Any idea what is going wrong?

leonarDubois commented 4 years ago

Hello, thanks again for all the issues your raise, it helps us improving PanPhlAn. This might come from the version of the seaborn package that you are using. Which one is it ? Can you also give me the command line that leads to this message ? I'll check if there is something else that can cause the problem.
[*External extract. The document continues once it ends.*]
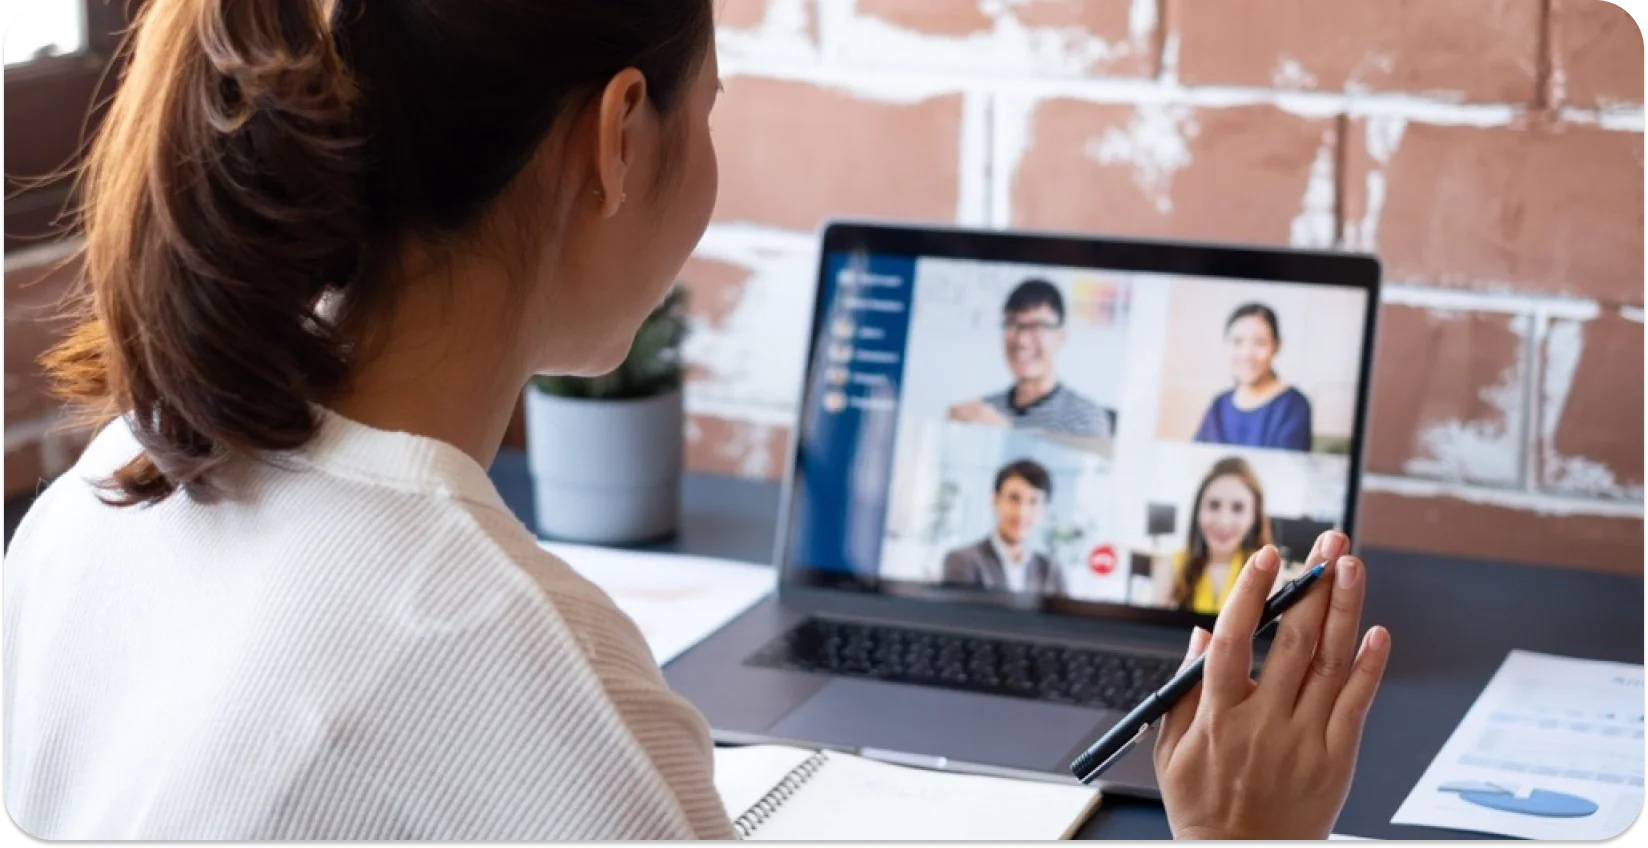 Professional engaging in a virtual meeting with colleagues on a laptop screen.

fconstancias commented 4 years ago

Thank you for developing the tool !

(panphlan3) constancias@scelse:/datadrive05/Flo/AM$ pip show seaborn
Name: seaborn
Version: 0.9.1
Summary: seaborn: statistical data visualization
Home-page: https://seaborn.pydata.org
Author: Michael Waskom
Author-email: mwaskom@nyu.edu
License: BSD (3-clause)
Location: /home/constancias/miniconda3/envs/panphlan3/lib/python3.5/site-packages
Requires: numpy, scipy, matplotlib, pandas
Required-by: 

This is the command I used :


# PanPlhAn fing gene groups
out_dir_prof="/datadrive05/Flo/Saliva/Saliva2/panphlan/test/prof"
out_dir_gn_groups="/datadrive05/Flo/Saliva/Saliva2/panphlan/test/gn_groups/"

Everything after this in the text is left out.